• **EXERCISE DETAILS**
From the first line to the last, restate the material word for word; pictures stay out.

• **DATA**
+ + + +
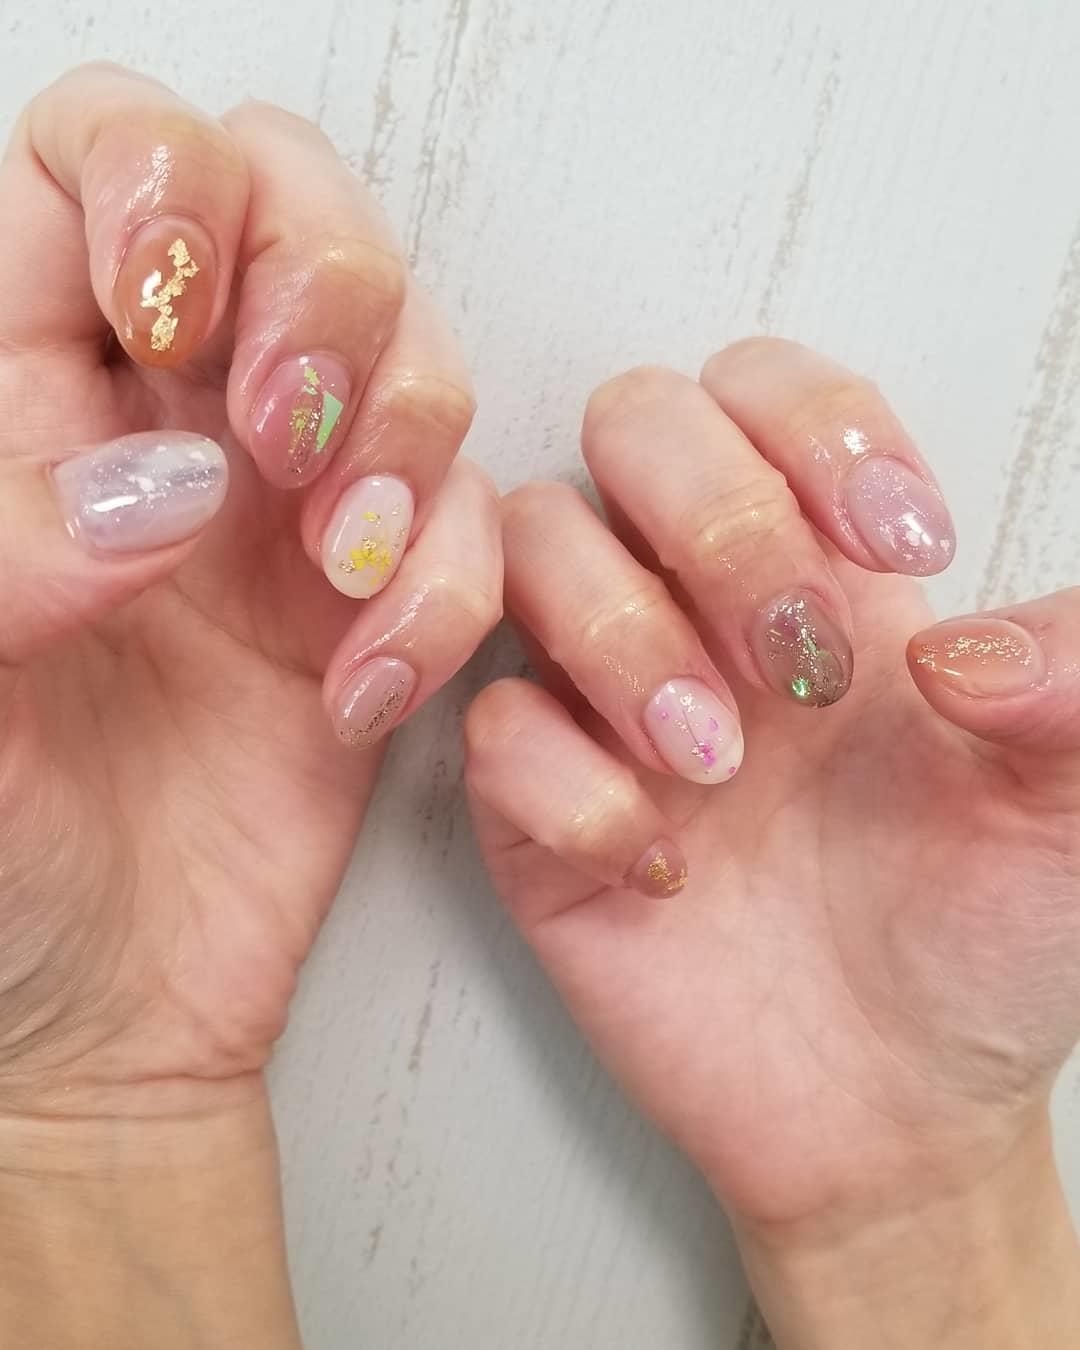 inspiring winter nail designs 2019 20 - Inspiring Winter Nail Designs 2019
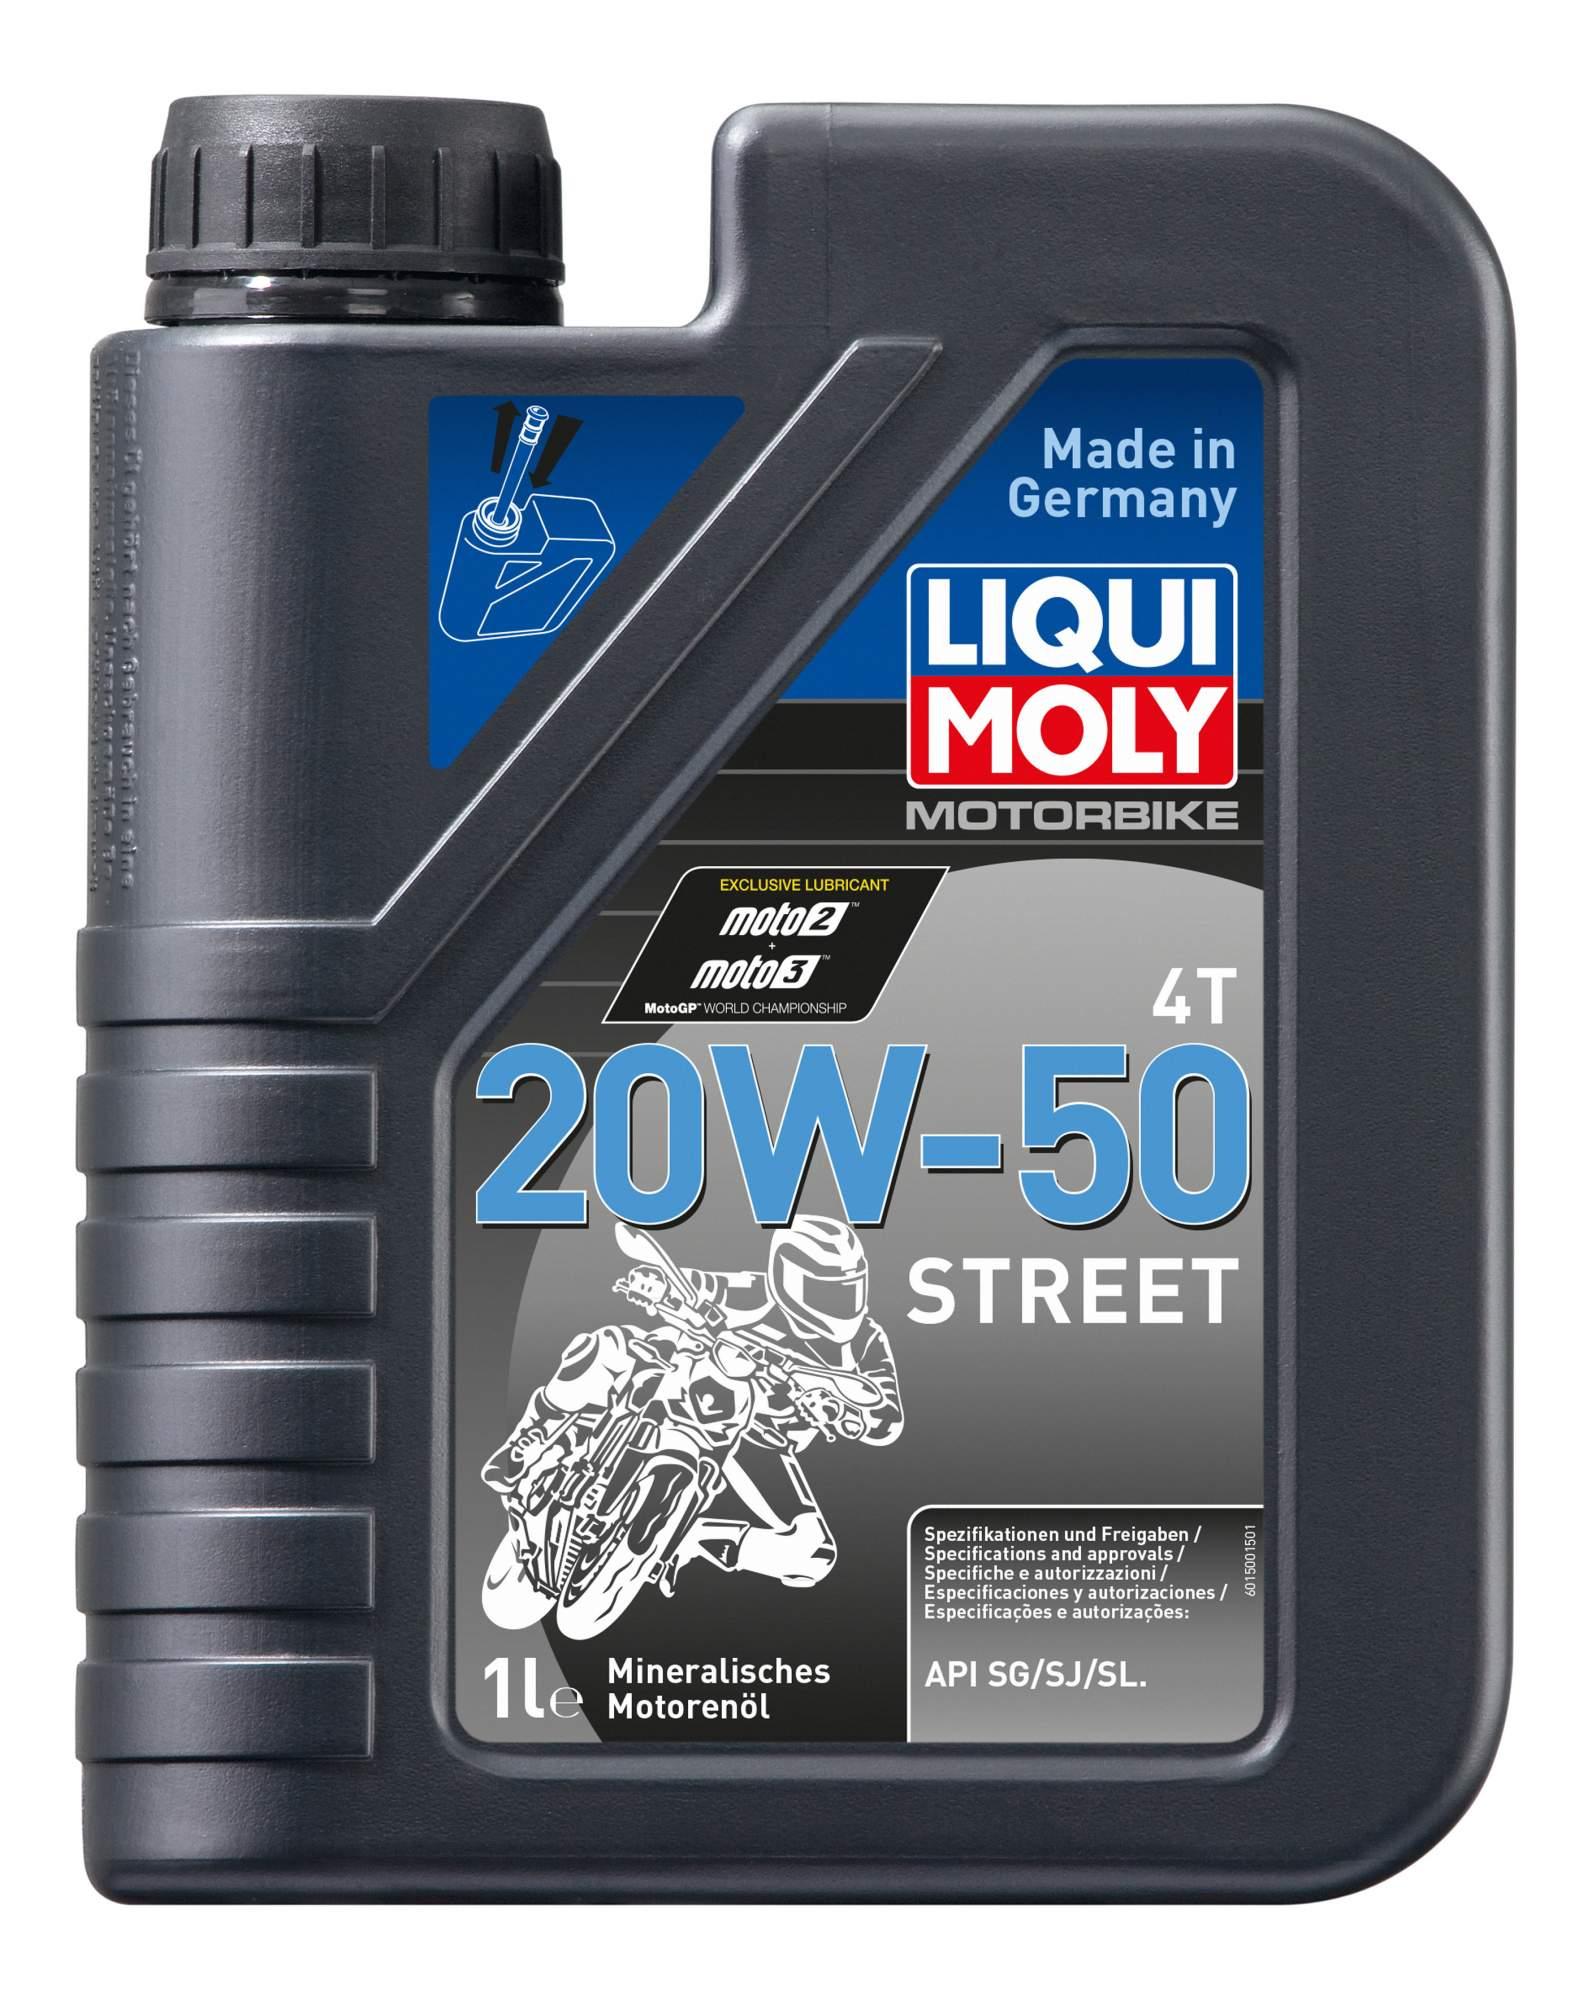 Моторное масло Liqui moly Motorbike 4T Street 20W-50 1л
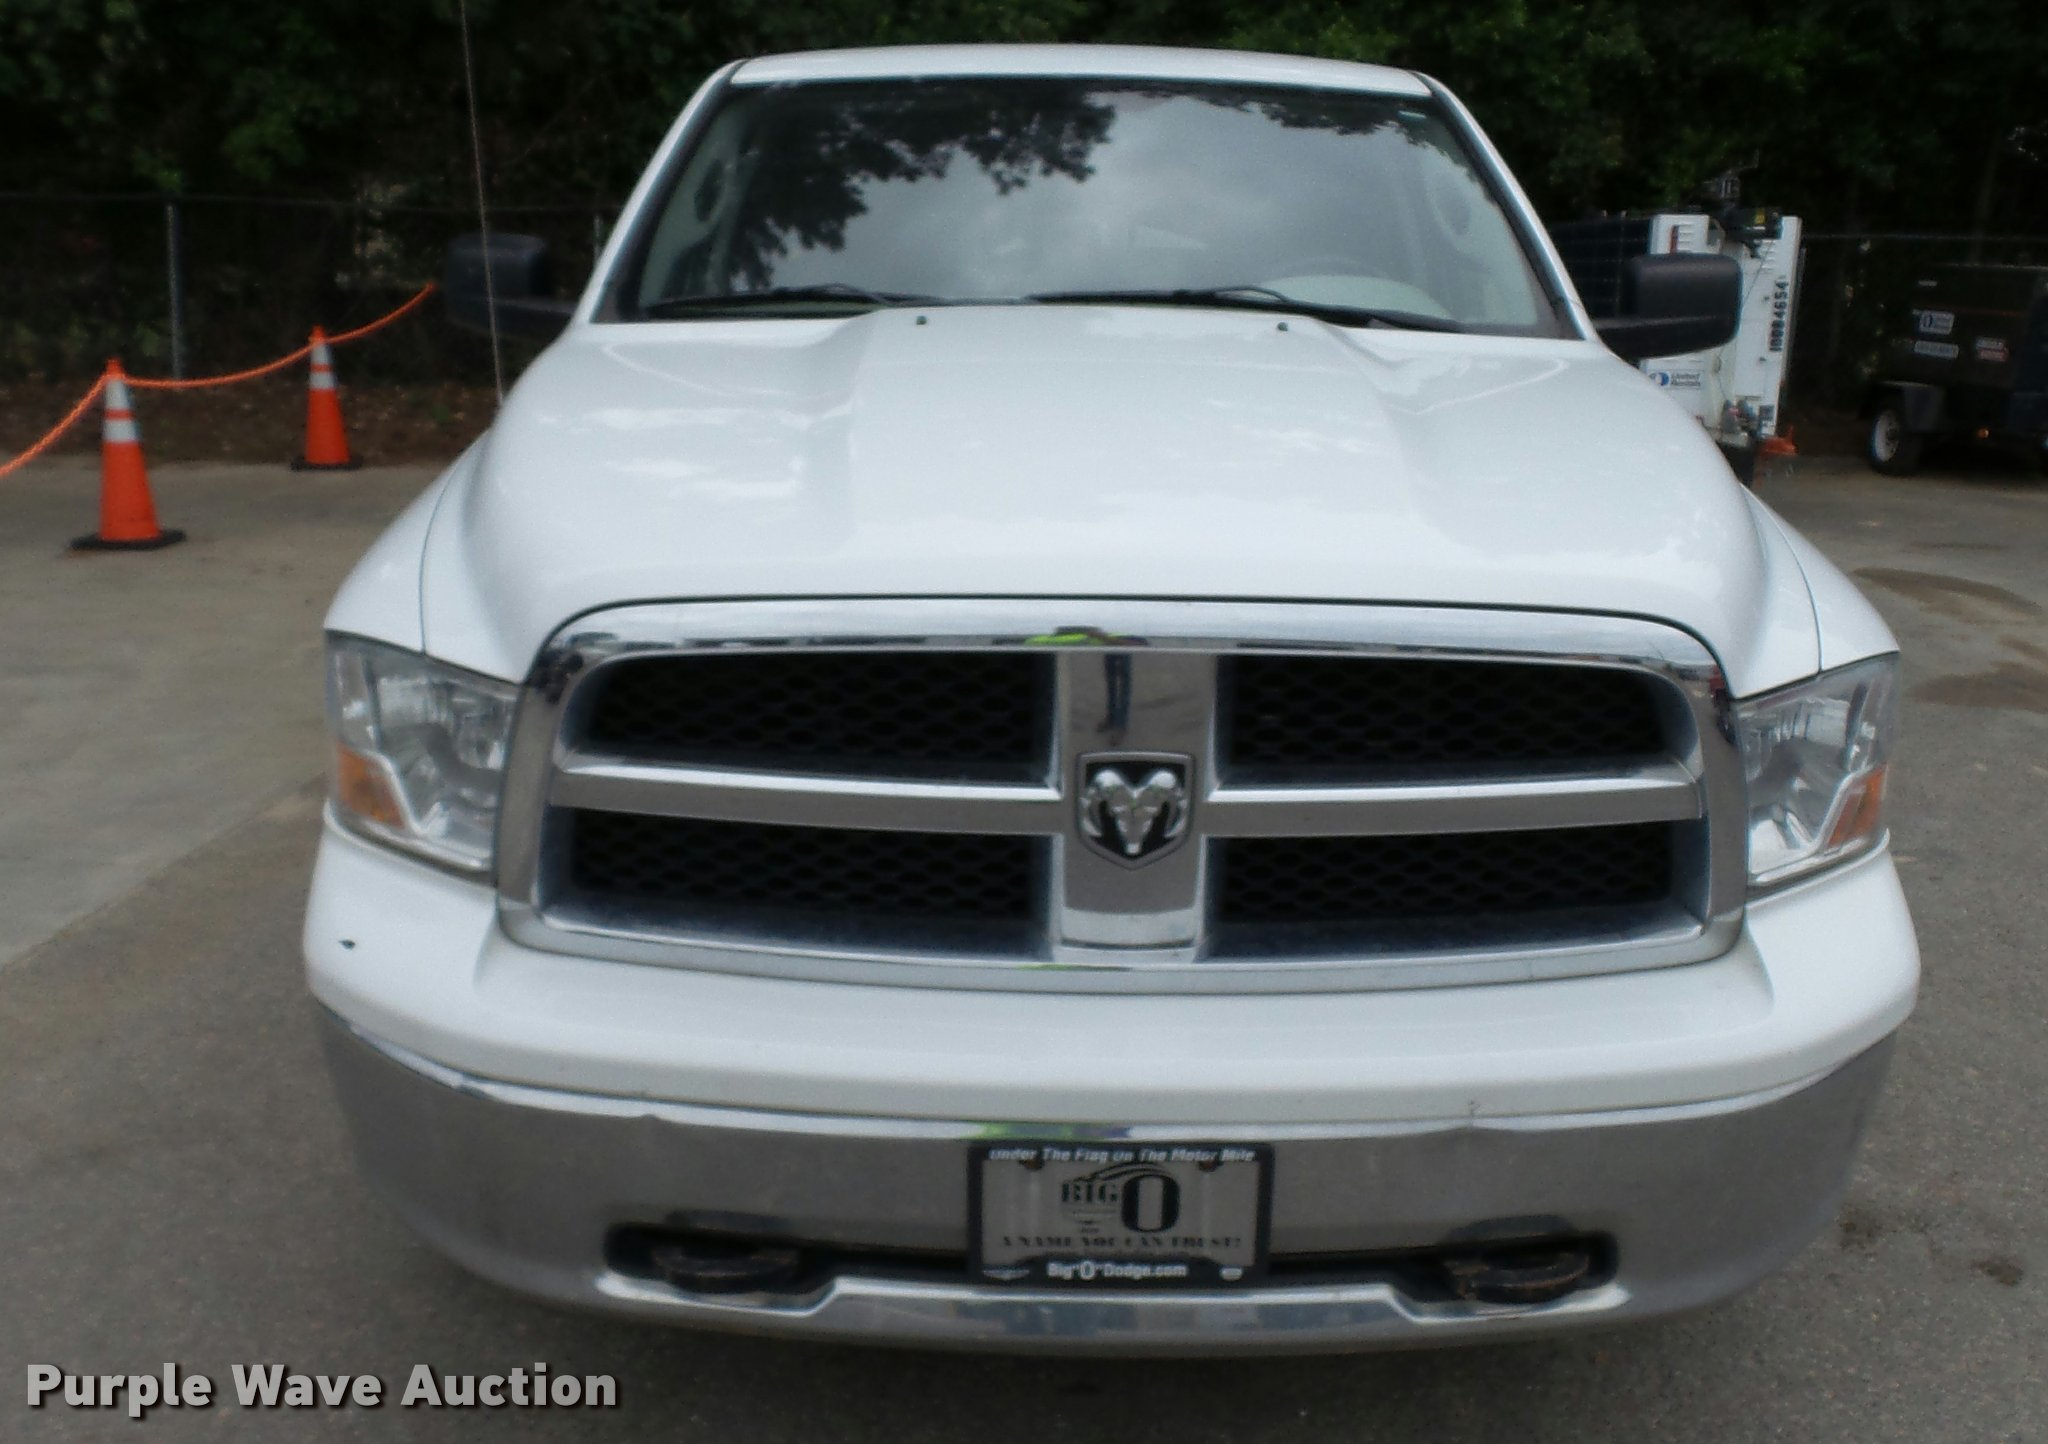 2011 Dodge Ram 1500 Quad Cab pickup truck Item DA1219
+ + + +
• **YOUR SOLUTION**
 inspiring winter nail designs 2019 20 - Inspiring Winter Nail Designs 2019
 Моторное масло Liqui moly Motorbike 4T Street 20W-50 1л
 2011 Dodge Ram 1500 Quad Cab pickup truck Item DA1219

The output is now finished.